··· Available data
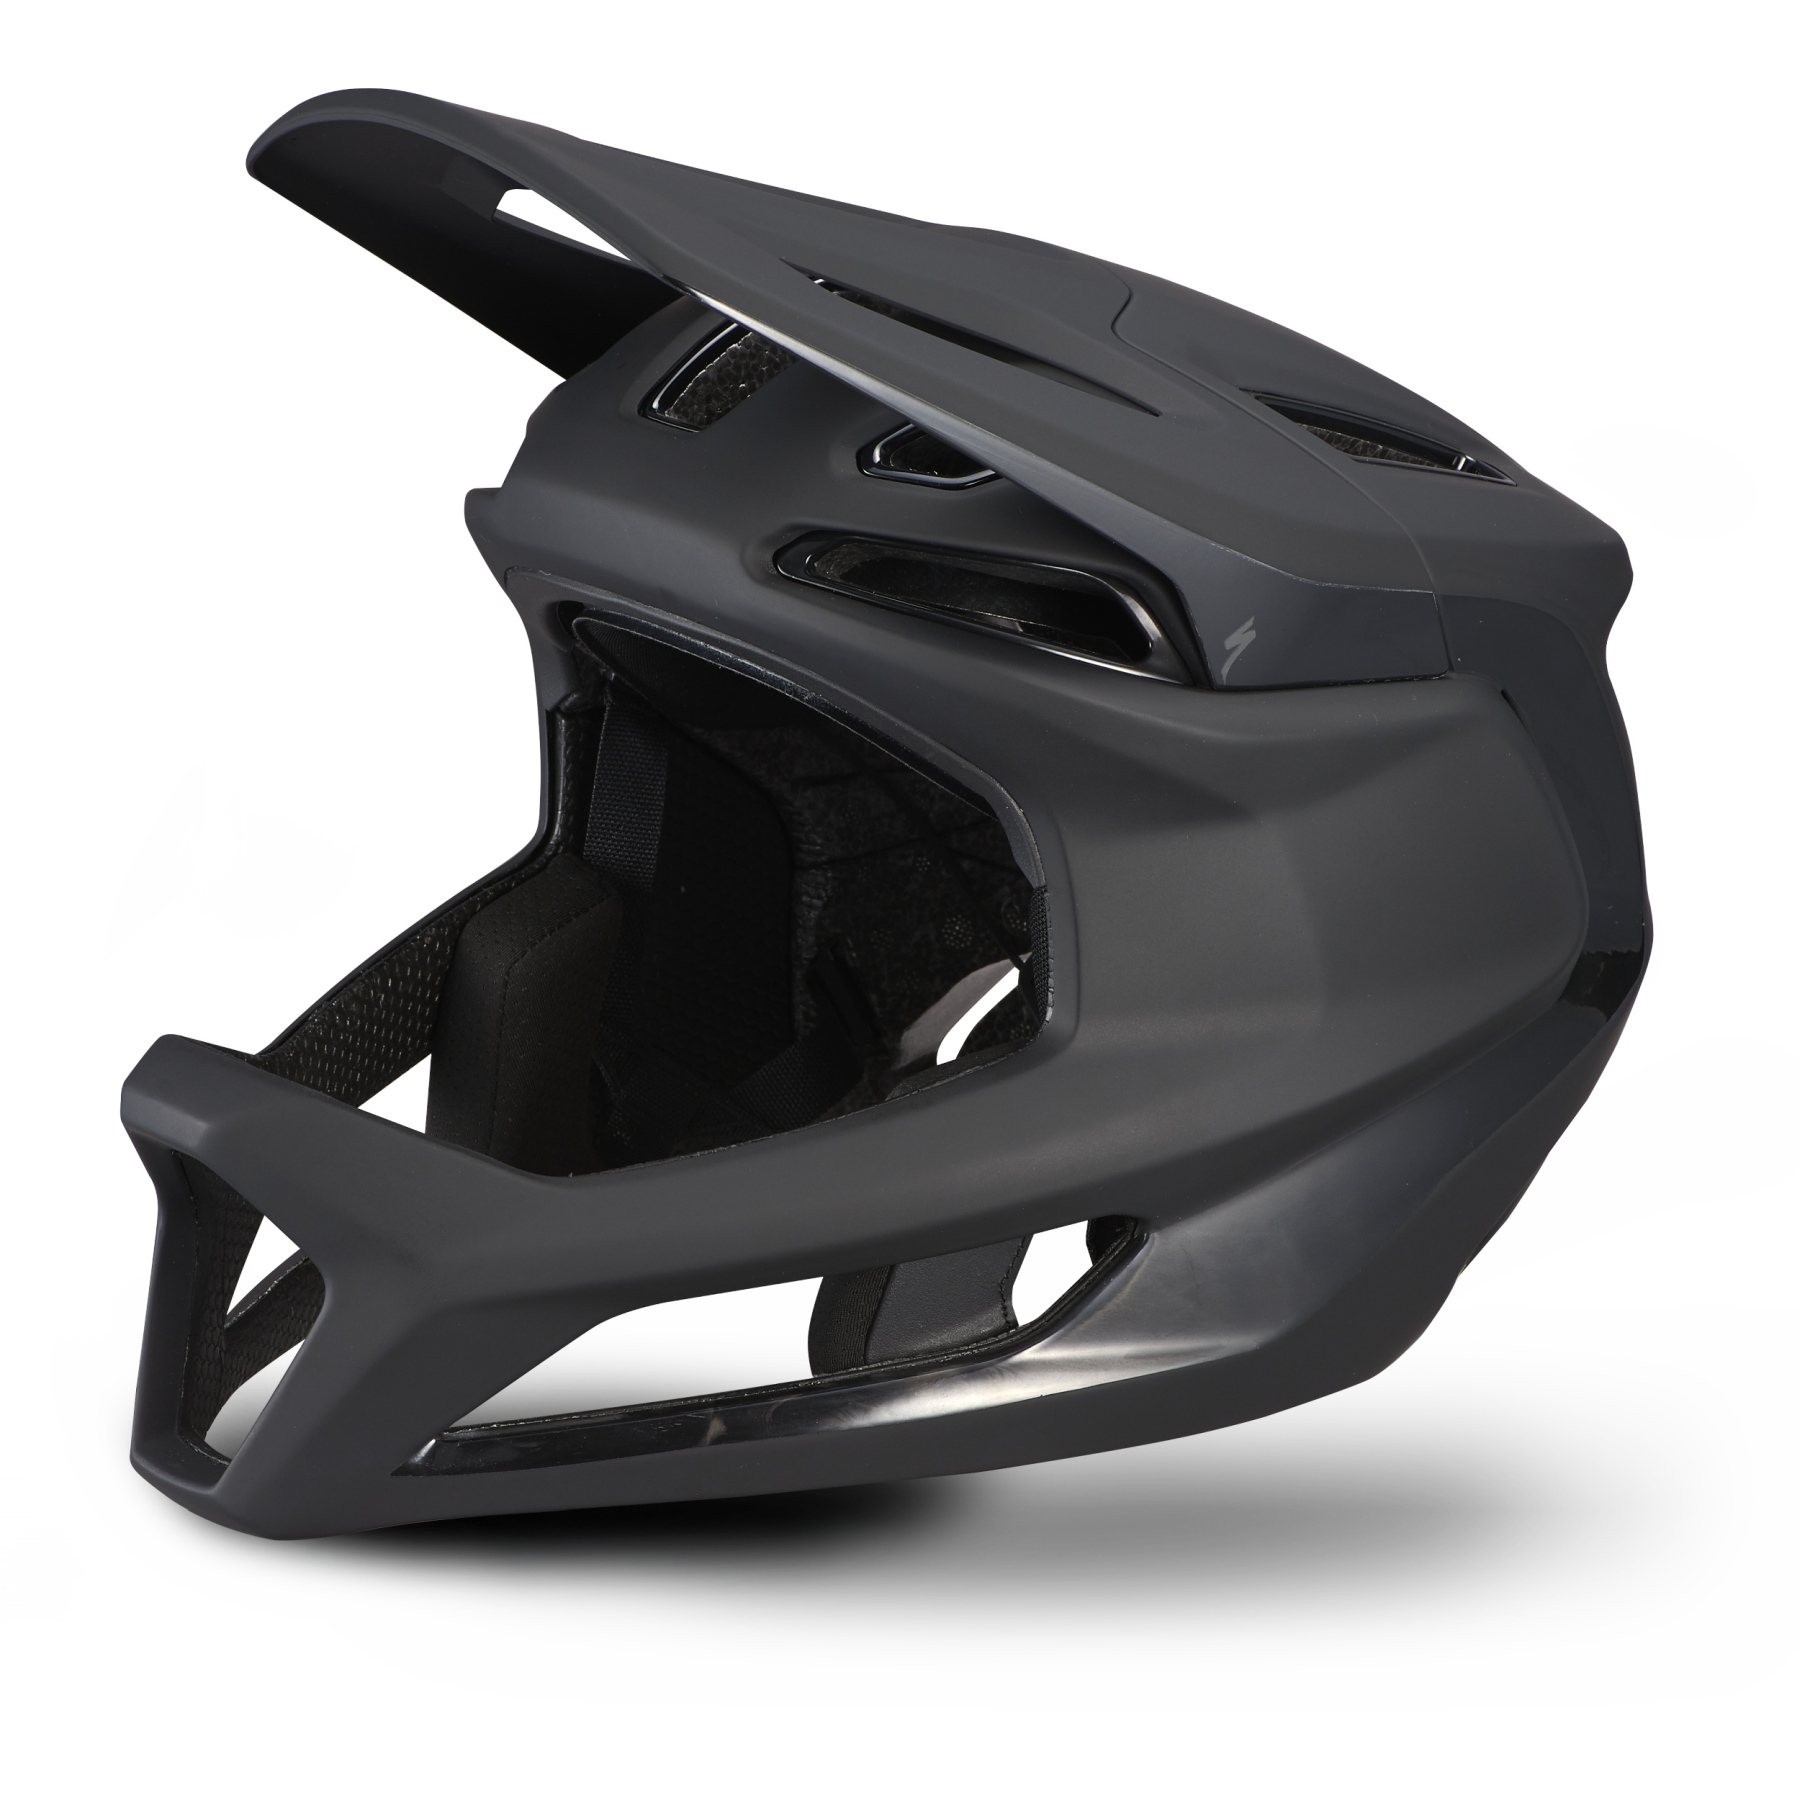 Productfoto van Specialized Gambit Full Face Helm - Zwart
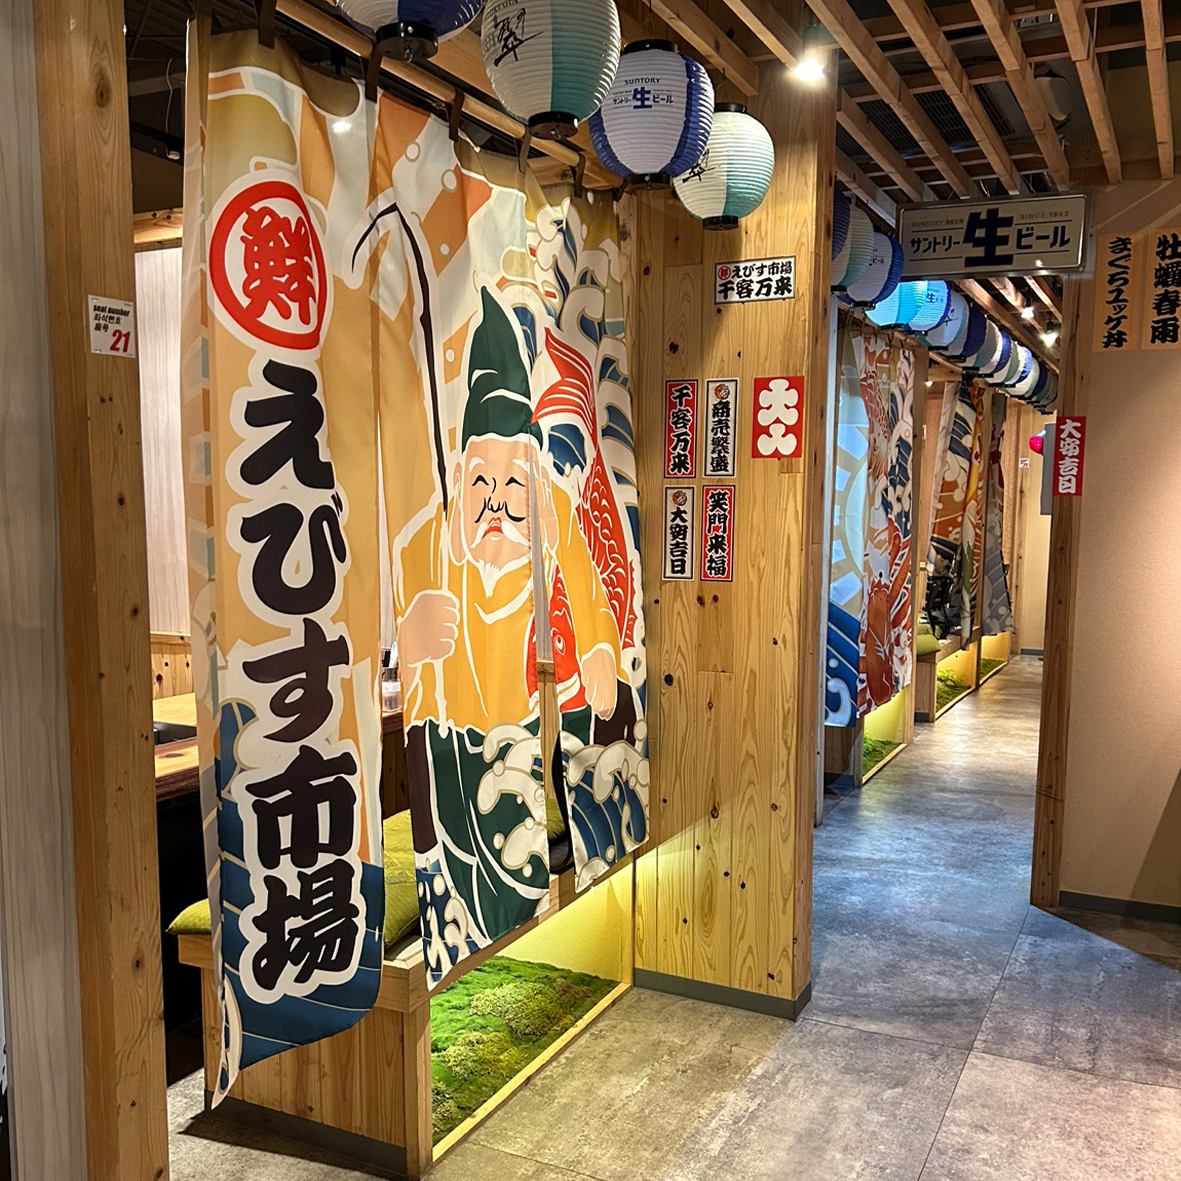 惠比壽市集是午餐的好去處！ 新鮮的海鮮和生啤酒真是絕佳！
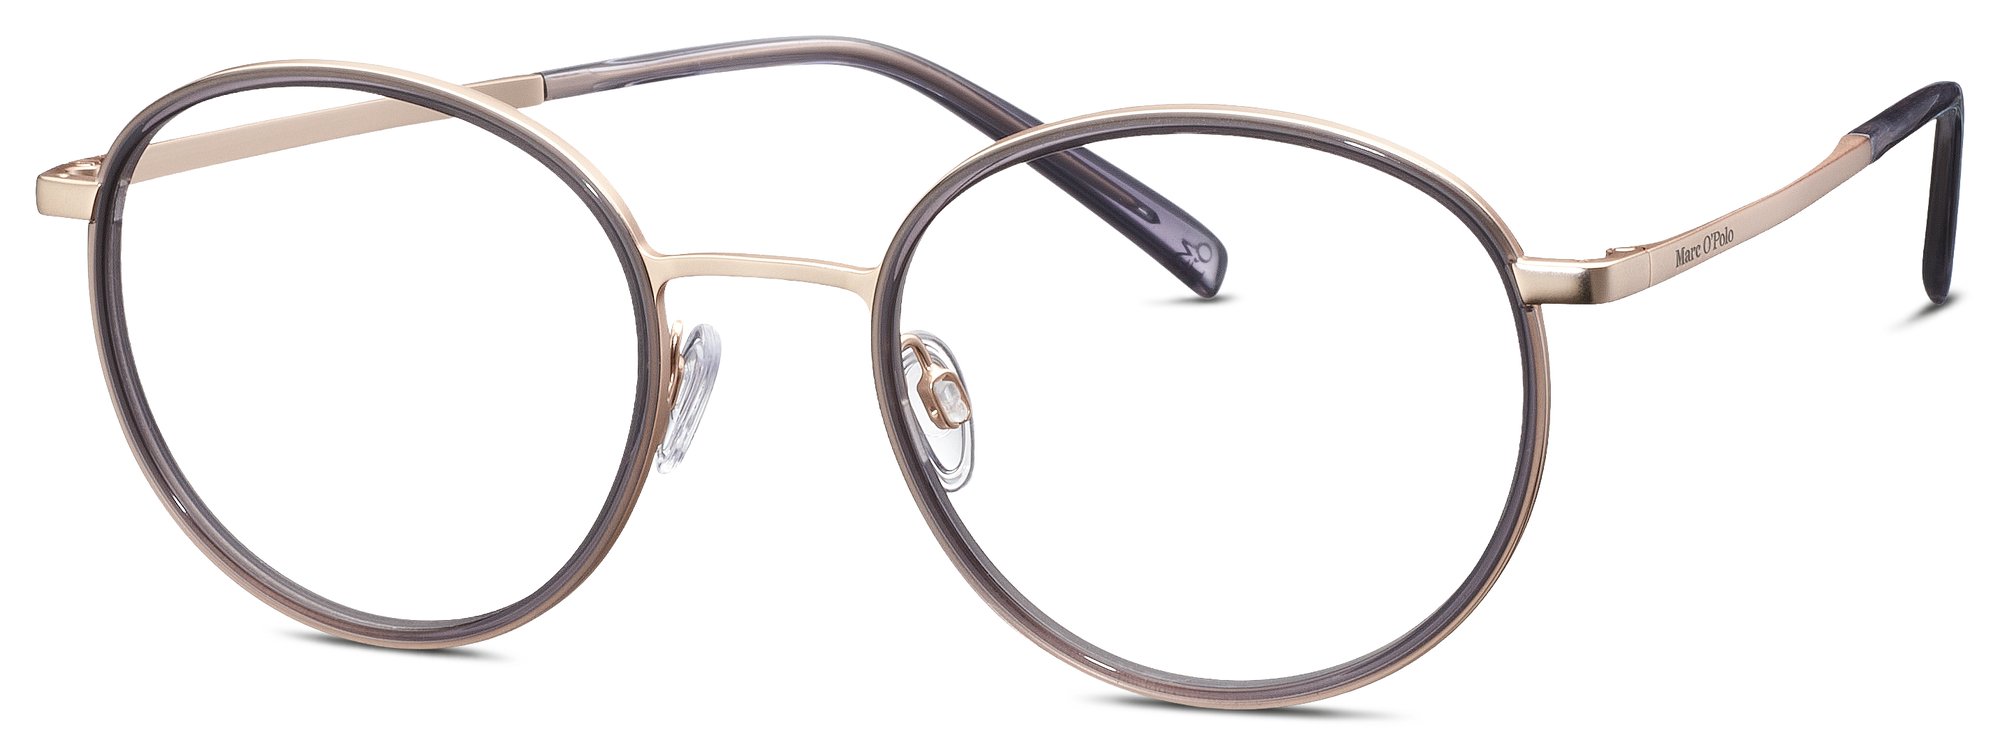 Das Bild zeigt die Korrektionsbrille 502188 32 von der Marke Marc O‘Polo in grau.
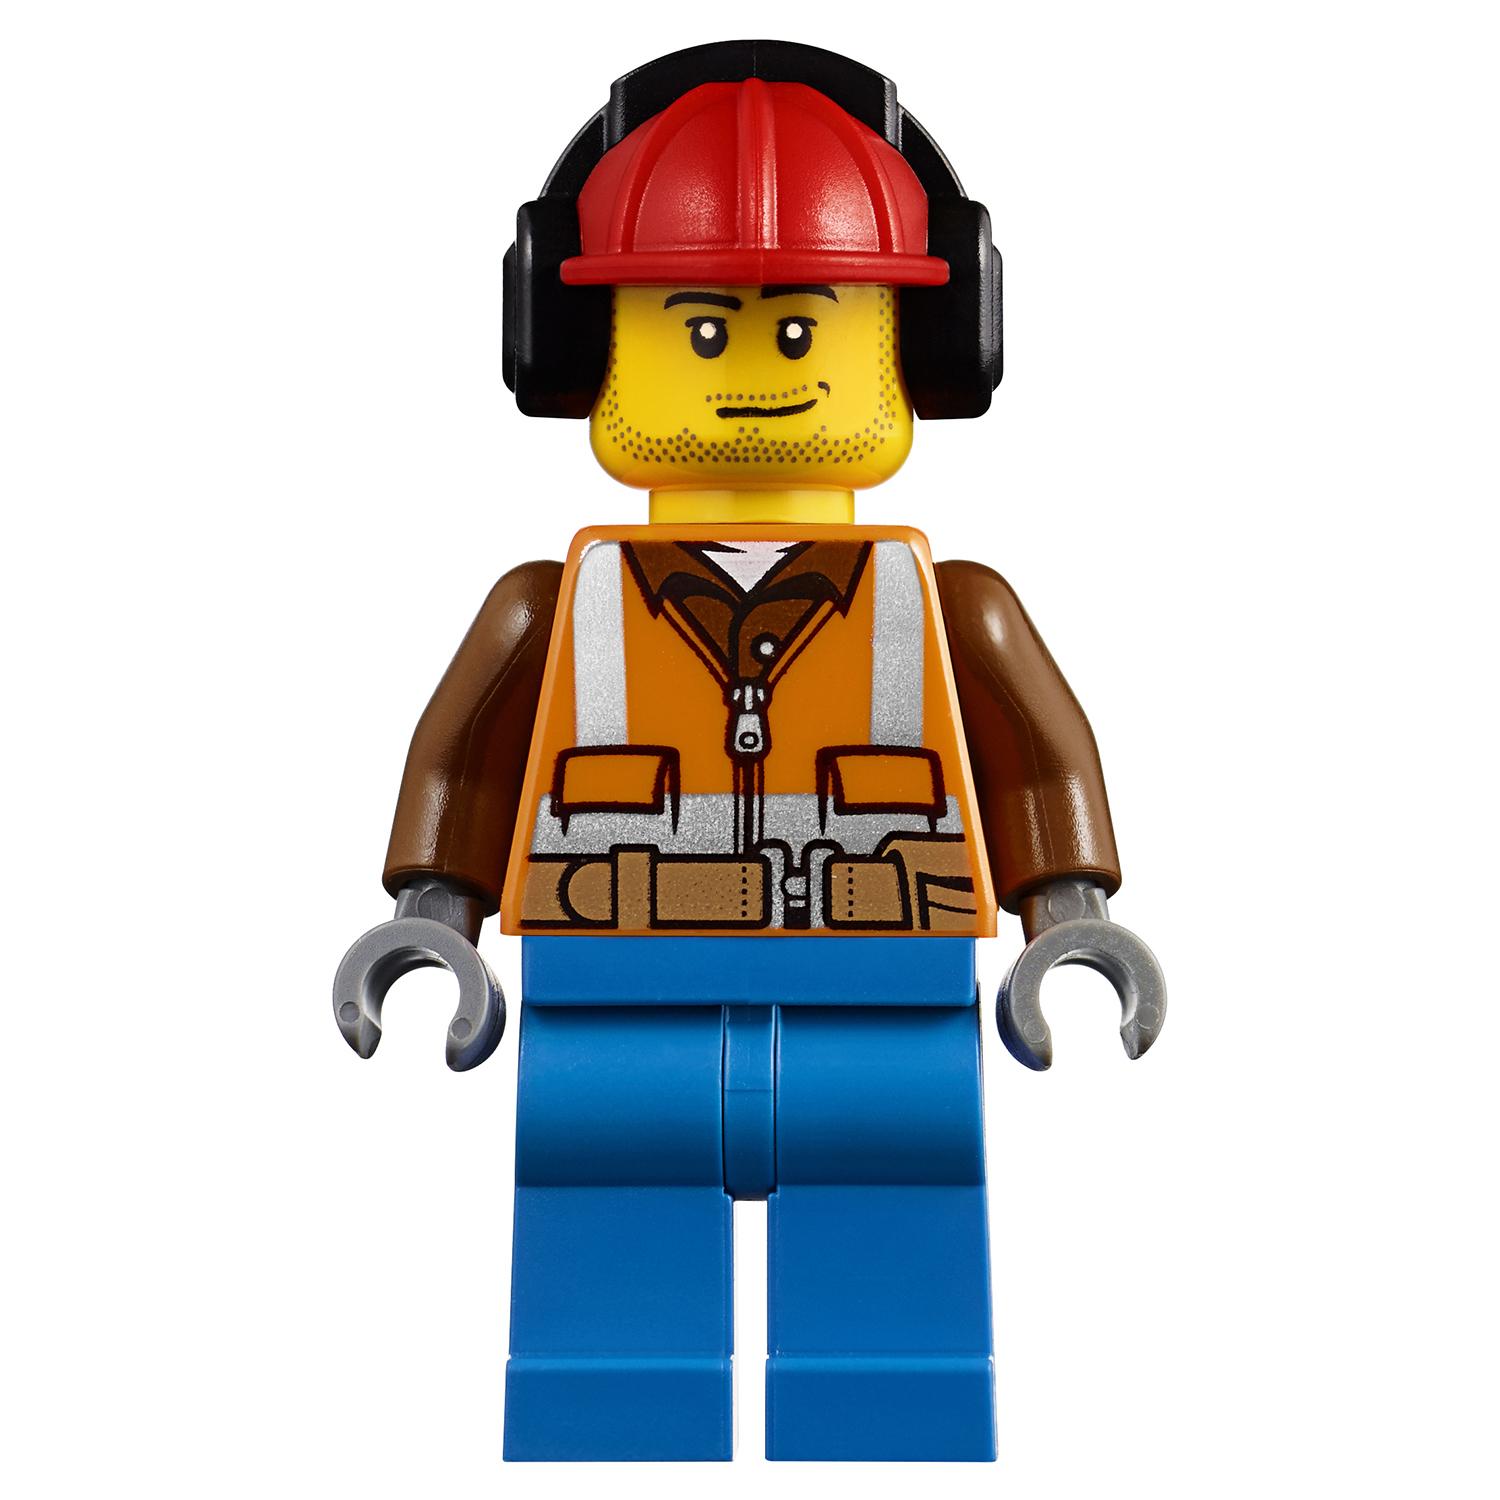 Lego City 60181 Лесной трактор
······
Copy out all of the listing word for word, but skip the images.

 Productfoto van Specialized Gambit Full Face Helm - Zwart
 惠比壽市集是午餐的好去處！ 新鮮的海鮮和生啤酒真是絕佳！
 Das Bild zeigt die Korrektionsbrille 502188 32 von der Marke Marc O‘Polo in grau.
 Lego City 60181 Лесной трактор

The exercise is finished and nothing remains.